**WORK ORDER**
Quote the listing in full, exactly as given, minus any pictures.

**DATA SHOWN**
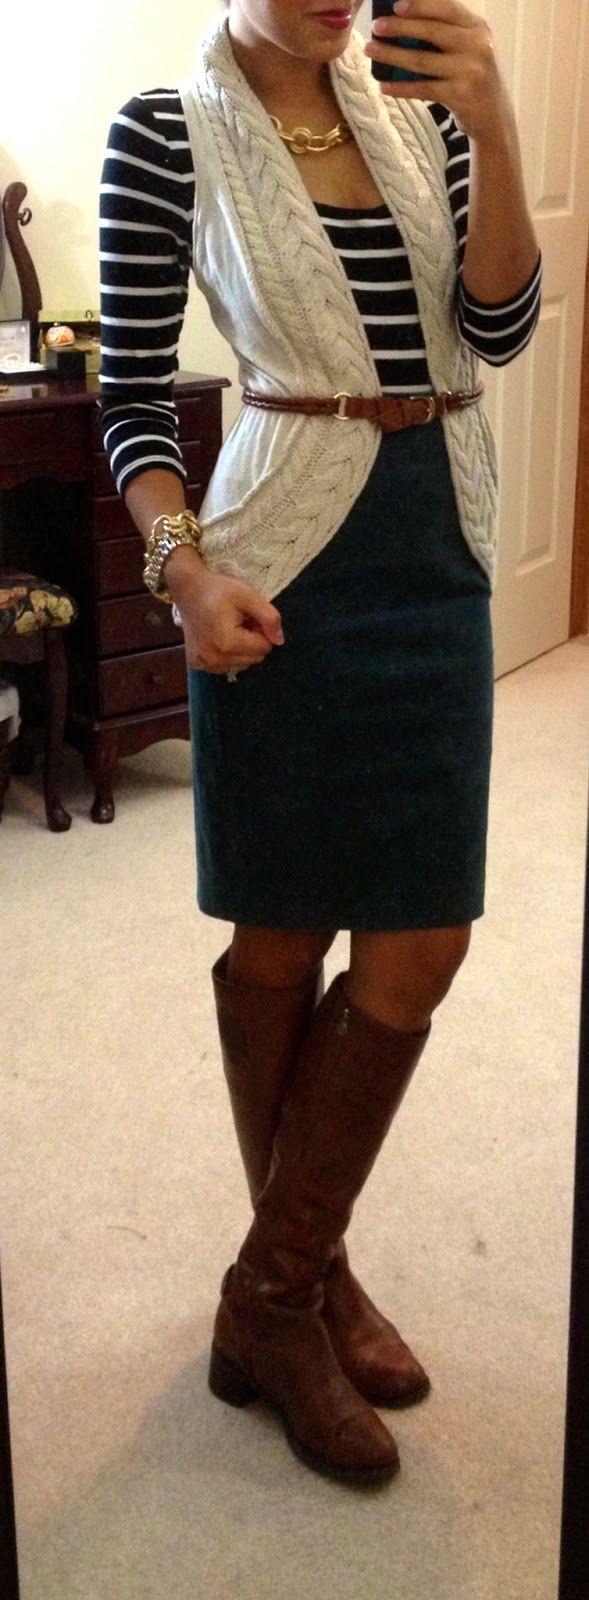 JCrew corduroy pencil skirt worn over F21 striped dress, Banana Republic sweater vest, Etienne Aigner costa boots, H belt, NY watc
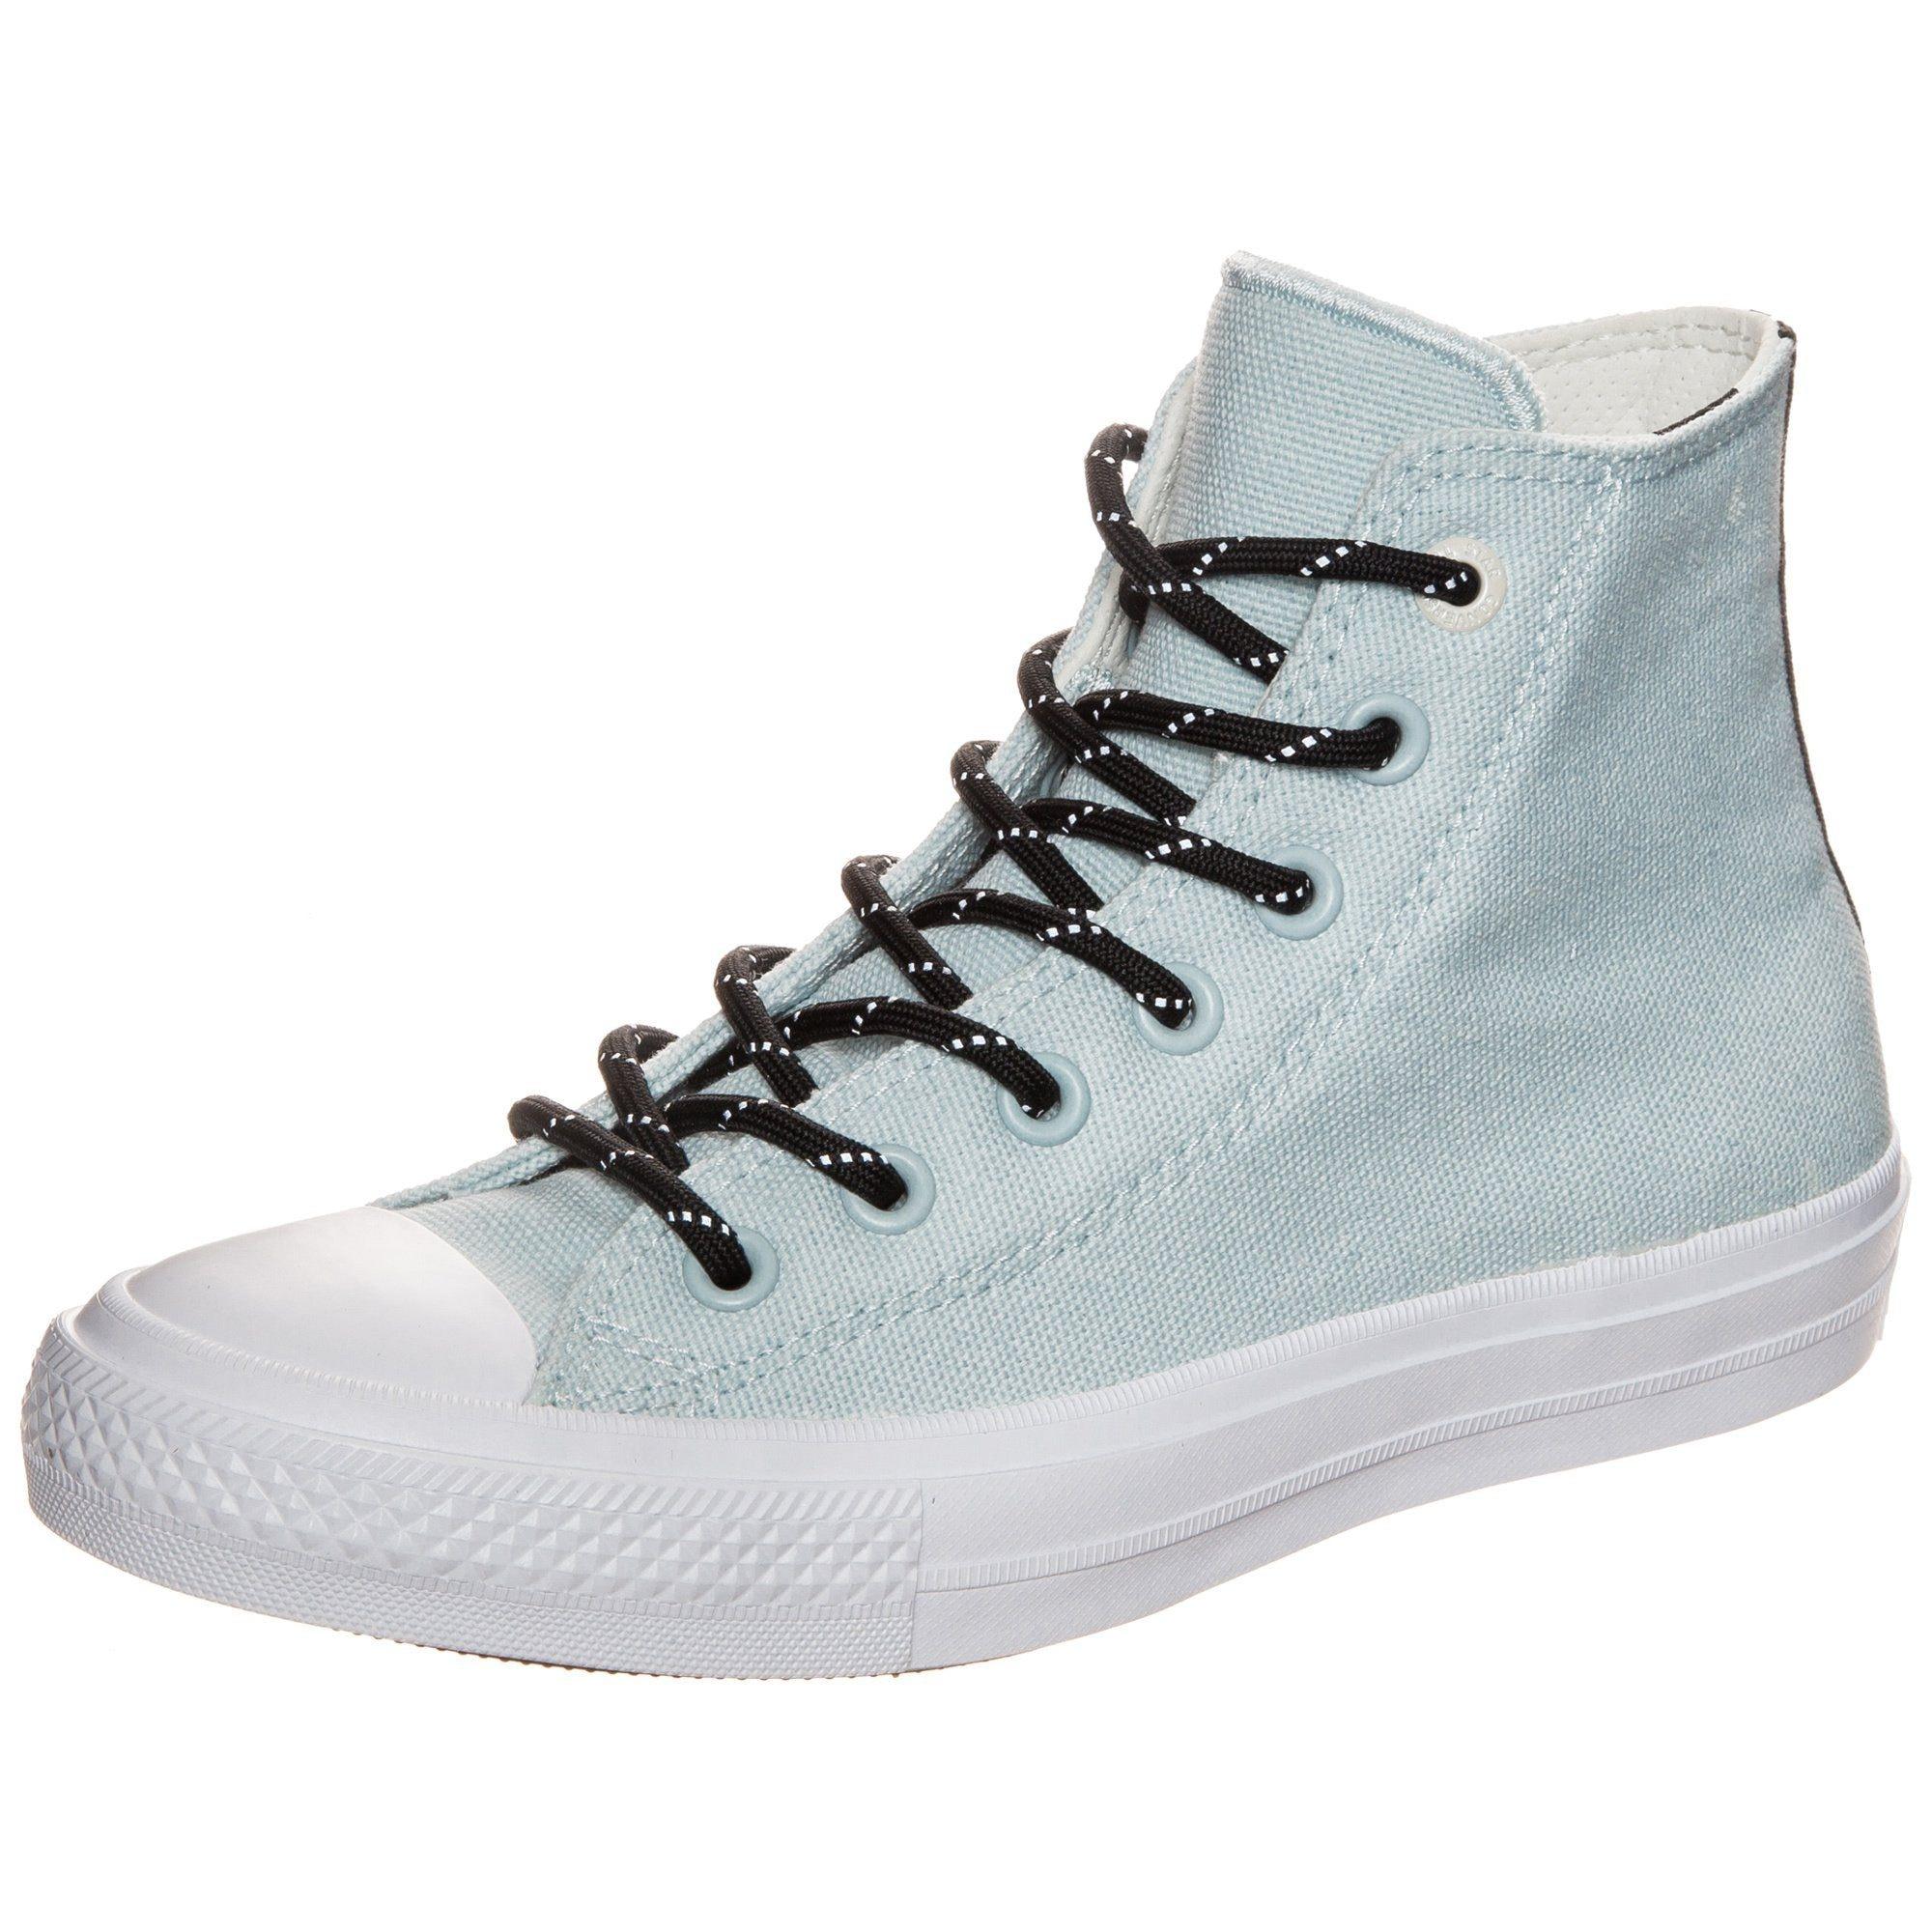 Converse Sneaker Chuck Taylor All Star Ii Shield Canvas per Rechnung | Gutes Preis-Leistungs-Verhältnis, es lohnt sich
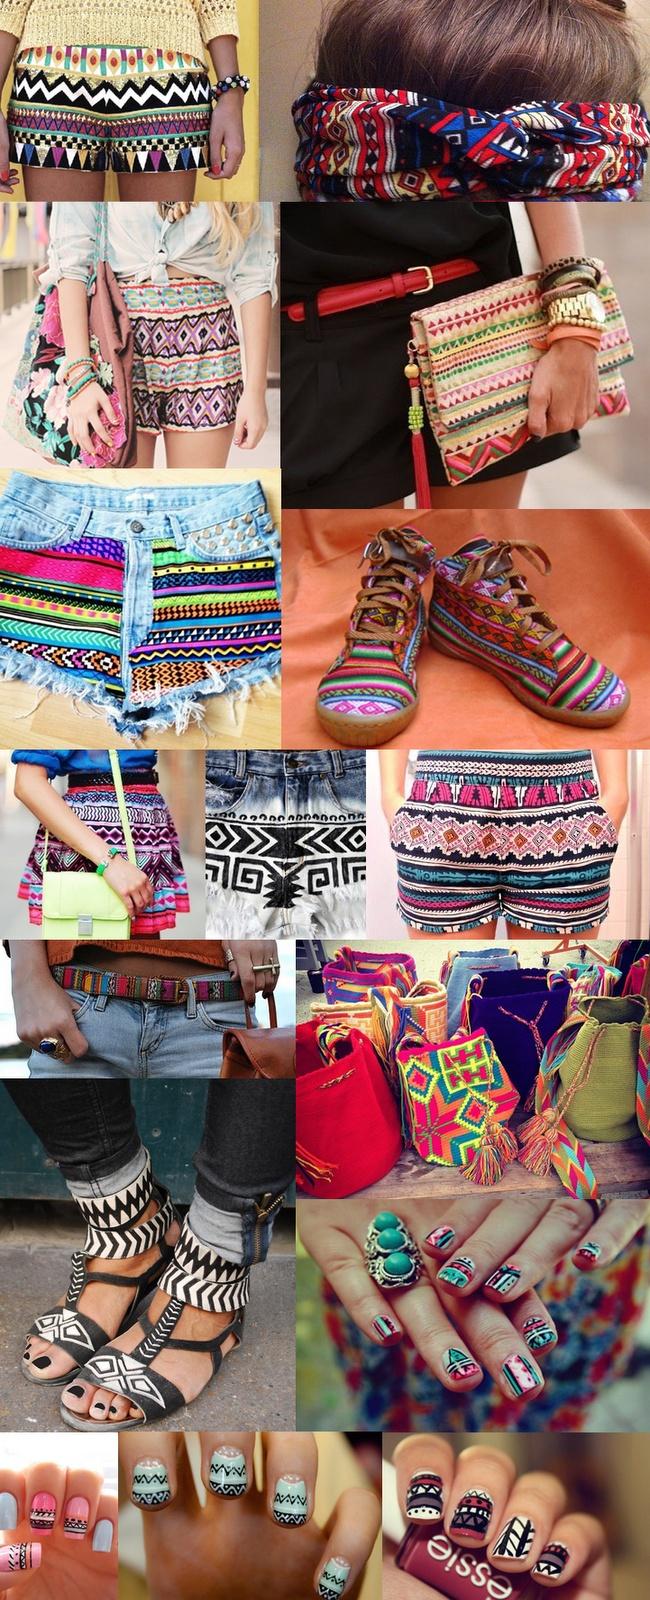 Amo Moda Blog - Estampa étnica
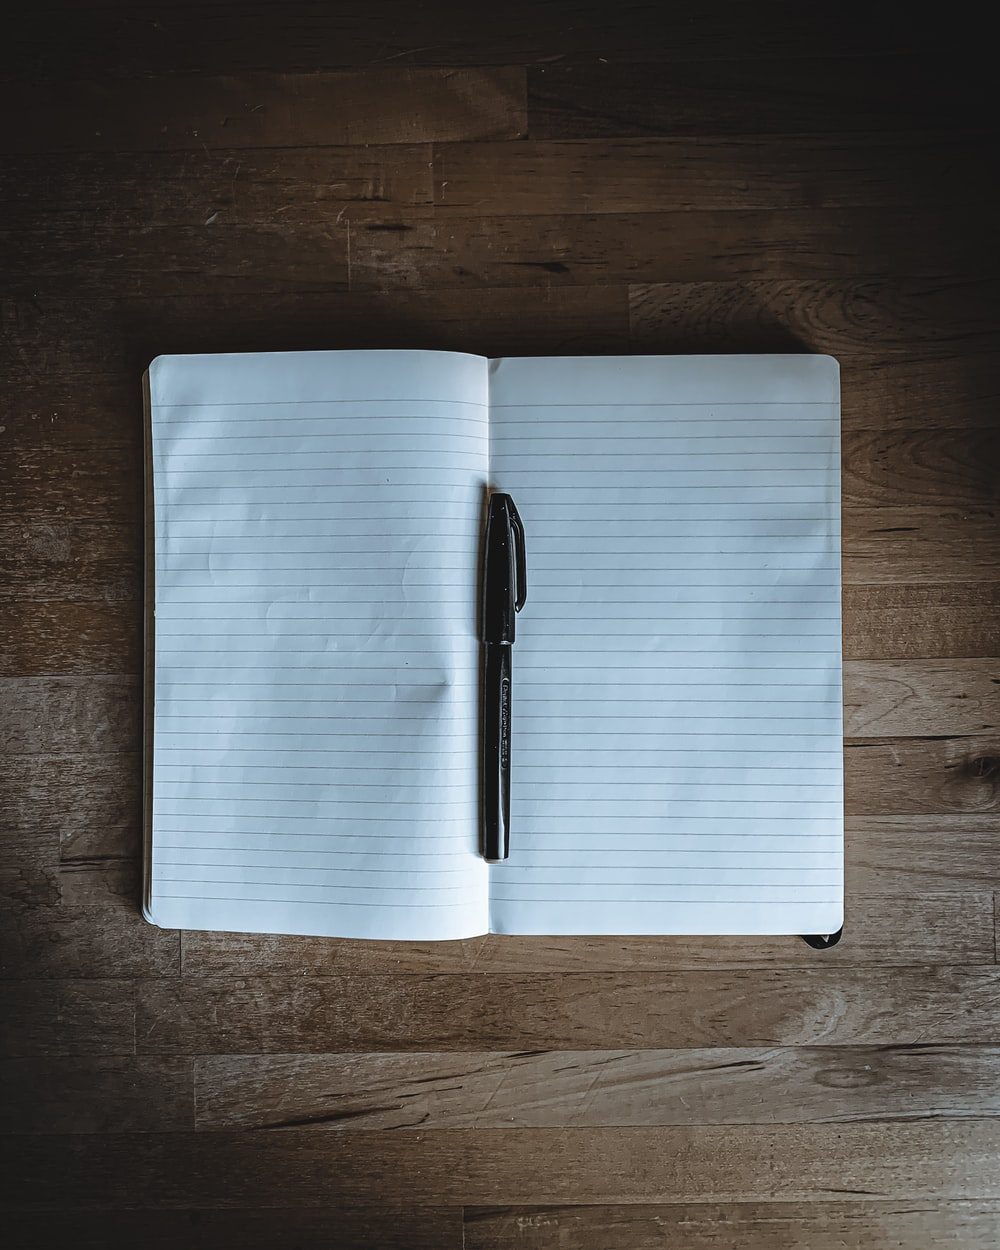 black click pen on white notebook

**EXERCISE OUTPUT**
 JCrew corduroy pencil skirt worn over F21 striped dress, Banana Republic sweater vest, Etienne Aigner costa boots, H belt, NY watc
 Converse Sneaker Chuck Taylor All Star Ii Shield Canvas per Rechnung | Gutes Preis-Leistungs-Verhältnis, es lohnt sich
 Amo Moda Blog - Estampa étnica
 black click pen on white notebook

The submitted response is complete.